Claim Analyst Levels - Level I – Previous claims processing experience necessary. Must have working knowledge of medical terminology, CPT, ICD9/10, and HCPCS codes as well as CMS1500 and CMS1450 claim forms. Must be detail-oriented, work well independently and part of a team, self-motivated, possess analytical skills and ability to make benefit determinations utilizing plan documents. Must meet established productivity and quality expectations of 98% procedural and 99% payment/financial accuracy. Ability to process specialty claims such as flexible spending and HRAs.
- Level II – Must be proficient at all Level I skills. Complete understanding of claims processing system and assigned funds. Demonstrated ability to process all claim types and resolve complex claims including but not limited to Coalition and Hospitalist claims. Sound understanding of all aspects of the adjustment process. Ability to assist with system testing and claims auditing. Demonstrates initiative, sound judgment, and independent decision-making ability.

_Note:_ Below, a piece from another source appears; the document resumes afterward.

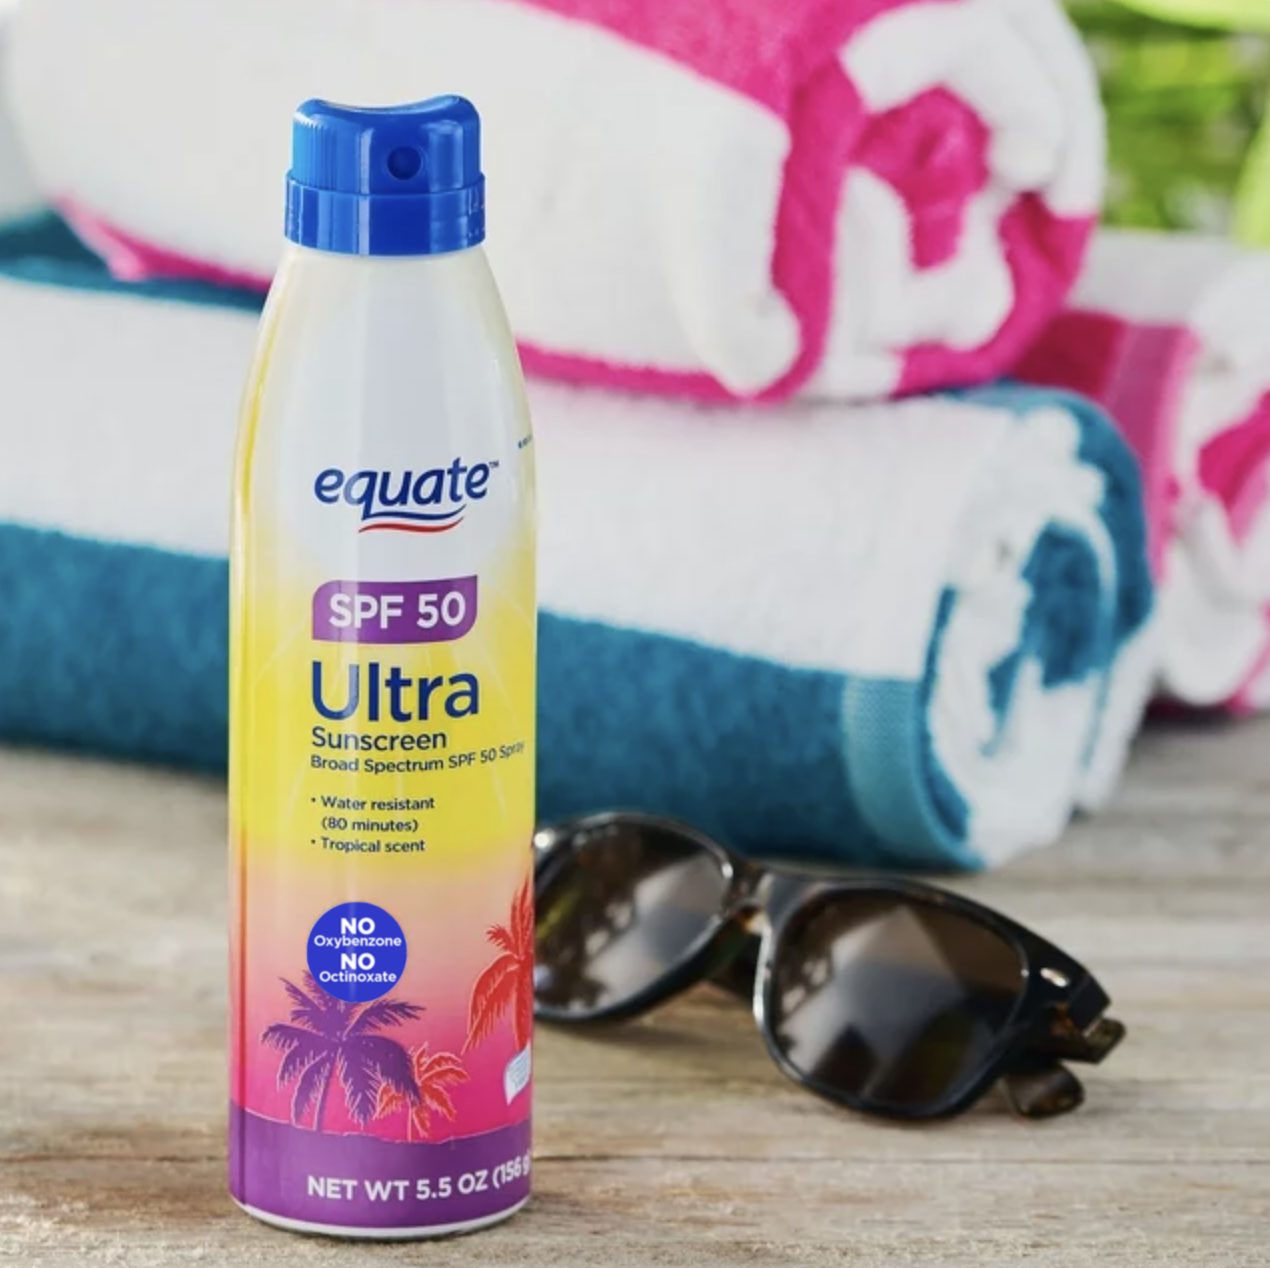 Equate Ultra Broad Spectrum Sunscreen Spray, SPF 50, 5.5 oz - image 2 of 8

- Level III – Must be proficient at all Level I and II skills. Solid understanding of all claim types and the ability to assist on all funds. Ability to identify inconsistencies and escalate findings appropriately. Excellent communication skills. Ability to train and assist new hires as well as provide support for Analyst I and II’s. Conduct audits, report findings, provide detailed analysis of claims, and recommend changes for process improvement.
- Unit Lead - Must be proficient at all Level I - III skills. Must possess leadership ability and excellent communication skills both verbally and in writing. Demonstrates the ability to understand and facilitate the resolution of all complex claim issues including adjustments and appeals. Provide training to new hires and existing staff. Complete reporting for inventory, department, and individual analysts’ performance stats. Monitors inventory to ensure turn-around-times are maintained and department goals are achieved. Identifies error trends for training needs and works with the supervisor for implementation of processes to improve overall performance. Must demonstrate initiative, ability to multi-task and prioritize, and excellent organizational skills. Ability to represent the department on workgroups and new system implementation.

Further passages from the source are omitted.